Most of the would-be bank founders who come to Carpenter for guidance are groups, but it's possible for a single wealthy person to start a bank and own 100 percent of it. "Several years back, we did one in which an individual put in $50 million and started his own bank," Carpenter recalls. Solo founders often are civic-minded individuals, rather than someone motivated by ego or the prospect of becoming even richer. In some instances, they're trying to take the place of a small local bank that recently closed down.

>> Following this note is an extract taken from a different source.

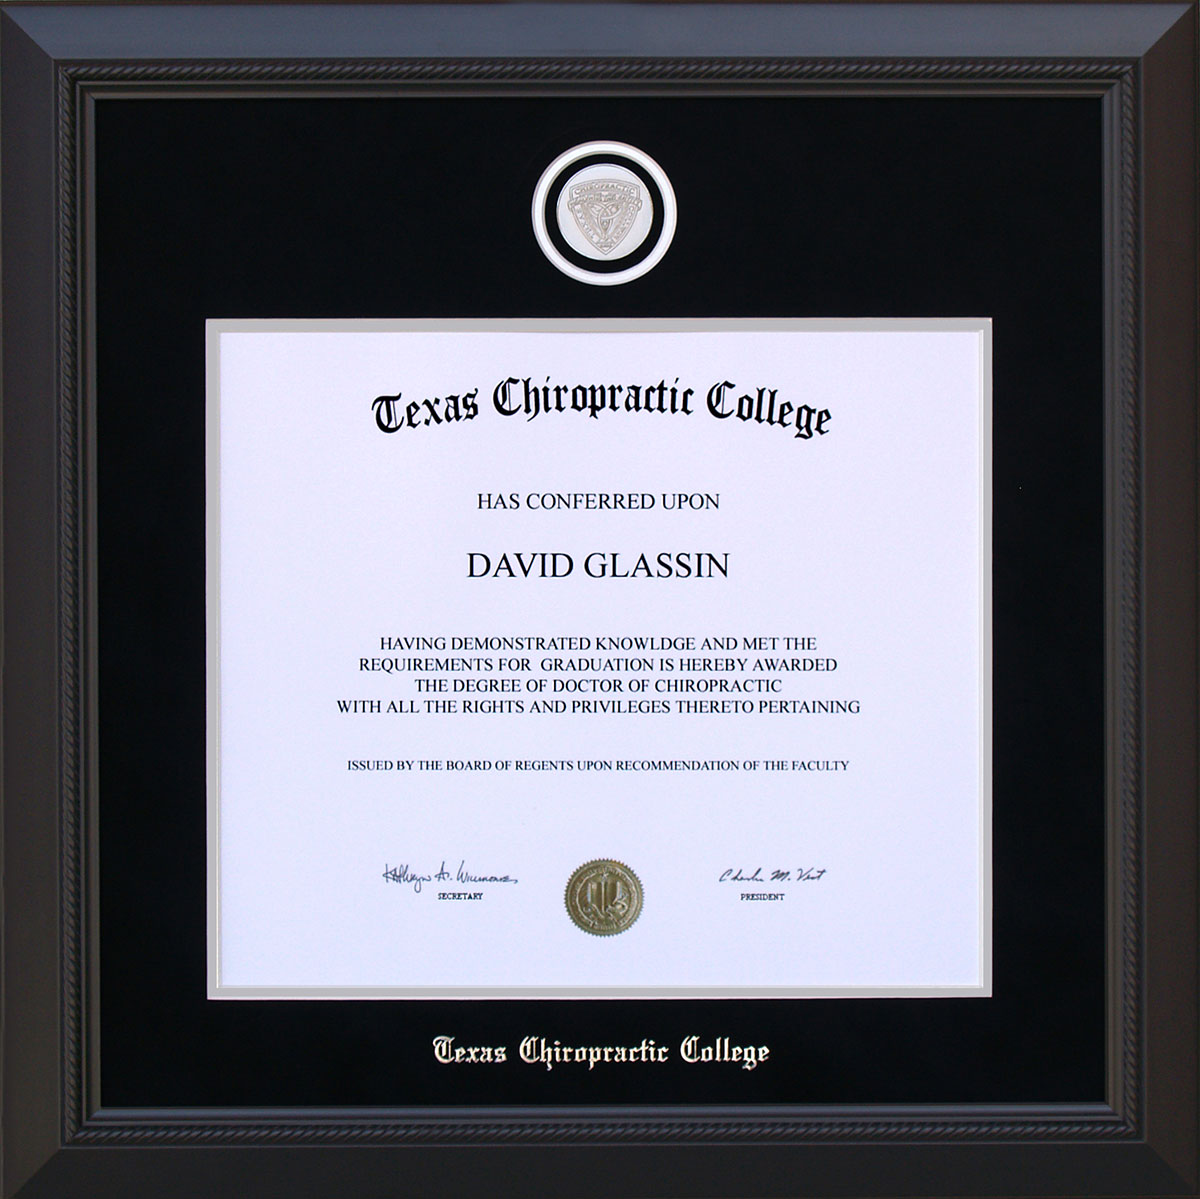 Texas Chiropractic College Diploma Frame with School Medallion by Wordyisms

Carpenter says that people start banks for various reasons. Sometimes, bank startup entrepreneurs think they can find customers in a particular community that's underserved by existing financial institutions. In one common scenario, a group of Chinese-Americans or Latinos might decide to start a local bank to serve immigrant customers in their native language. Other bank founders possess a specific sort of lending expertise that gives them a competitive advantage in some particular business. (Sometimes that niche can be pretty arcane — Carpenter cites the example of one bank that was founded specifically to make loans on special engines that seaports and government agencies use to retrofit old diesel trucks to run on electricity.) Or maybe they have a plan to offer mobile banking or some other service that local competitors don't yet have.
In addition to brick-and-mortar community banks, in recent years, companies involved in the financial technology field, also known as fintech, have also begun allowing starting online banks to take advantage of innovations they've developed, such as software that automates and speeds up the loan application process. "That's much more of a new wave," Carpenter says.